22 марта. Тепло и ясно. С утра легкий мороз.

Эти дни ездил по знакомым. Был в деревнях, заезжал в села, проведывал хутора… Странно, в воздухе носится что-то тревожное, и какие-то непонятные ожидания упорно бродят в народе. Кабаки торгуют плохо. Улицы тихи. Мужики многозначительны и необычно серьезны. При появлении сюртука соблюдается таинственность… Точь-в-точь как мои домочадцы.

Бабы ожидают светопреставления. Иные приготовили белье и вообще равнодушны, иные же ноют на всех перекрестках. О светопреставлении тоже сообщили газеты. Ох, эти газеты! Уж не изгнать ли их с лица земли русской? Не от них ли смута висит над Русью? Не они ли насытили воздух беспокойными ожиданиями?..

Много узнал свежих и пикантных новостей… Господин Карамышев призван в качестве сведущего человека. Гермоген получил подлинное «превосходительство» и невступно щеголяет теперь в белых штанах. Имение Обозинских продали с аукциона; поступило оно в руки скотоподобнейшего мельника из Криворожья. Серафим Ежиков застрелился в Холмогорах…
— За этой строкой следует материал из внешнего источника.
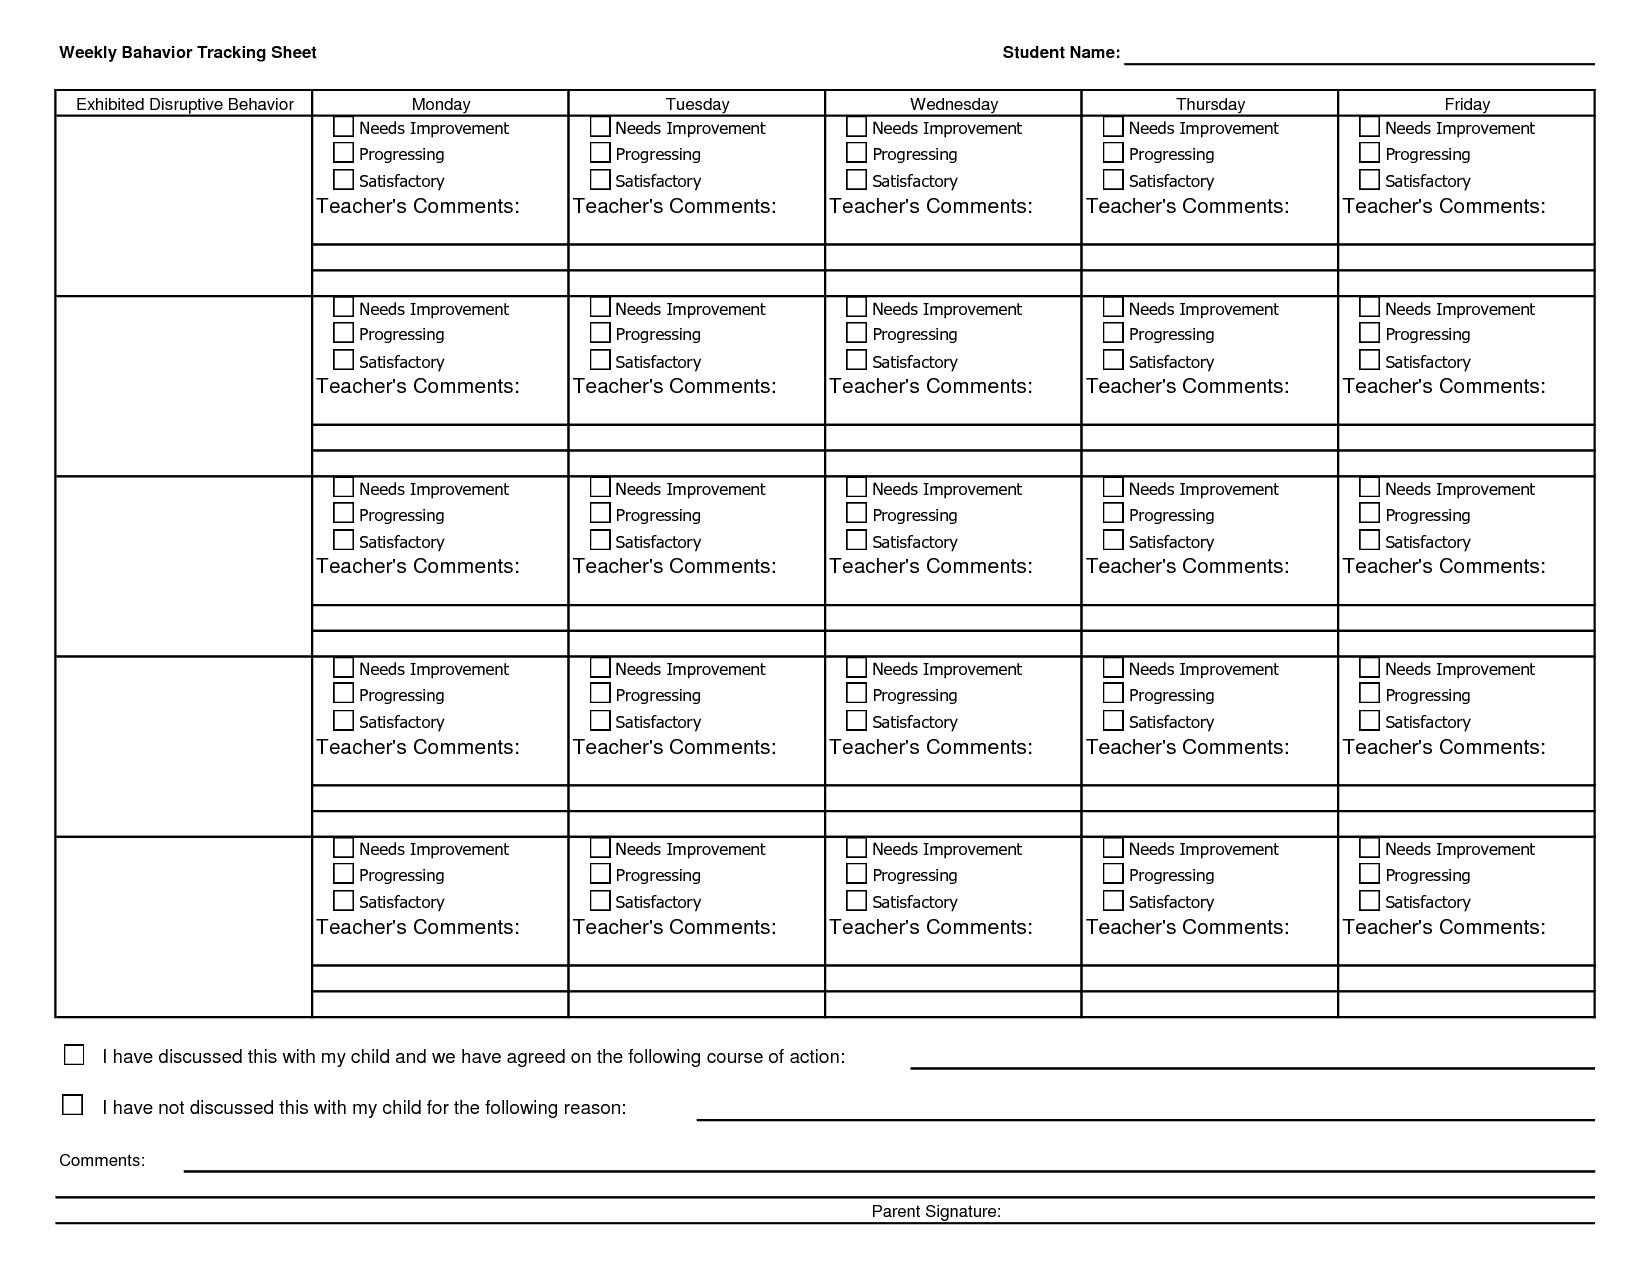 Student Tracking Worksheet

Сегодня первый раз услыхал жаворонка. Быстро слетел он с проталинки и зазвенел серебристыми трелями… Долго, долго провожал я его взглядом. В высоте его крылья пронизало солнце, и они засветились и засверкали мелькающим сверканьем. И когда потонул он в яркой небесной синеве, а жемчужные звуки все-таки достигали до моего слуха, мне показалось — небо пело и кроткая благодать в чудных песнях нисходила на землю… Солнце ласково сияло. Необъятная степь замирала в сладостной дремоте… Сердце мое билось и тосковало.

24 марта. Тепло. С земли подымается пар. В небе вереницами ходят белые облака.

Доктор осмотрел меня и покачал головою.

— Еду, еду, любезнейший эскулап, поберегите ваши упреки…

— Пора, давно пора!.. Есть кашель?

— Кашляю.

— Кровь замечаете?

— Бывает.

— Чувствуете лихорадочное состояние?

— Иногда.

— По ночам потеете?

— Да.

— Гм… Аппетит как?

— Никакого.

— Пора, давно пора уехать!.. К тому же, у вас и нервы шалят… Очевидно, вы рискуете. Зачем эта музыка?

— Ах, эта музыка…

— Положительный вред. Берегитесь. Ступайте в Ментону. Кушайте виноград… А главное — нервы… Вы непременно должны охранять себя от всяких потрясений. Музыка — боже сохрани, любовь — окончательно воспрещается…

— Где уж нам, дуракам, чай пить…

— Окончательно воспрещается. Вести из России — ни под каким видом. Кушайте, скучайте, берегитесь севера — и благо вам будет…

— Ах, как это хорошо сказано, милый доктор! Так никаких вестей из России?

— Ни-ни… Первый вред. Все остальное еще туда сюда, но вести российские… — Доктор многозначительно поднял палец и с суровостью нахмурил брови. — Ни за что не ручаюсь! — мрачно добавил он и уселся за кофе.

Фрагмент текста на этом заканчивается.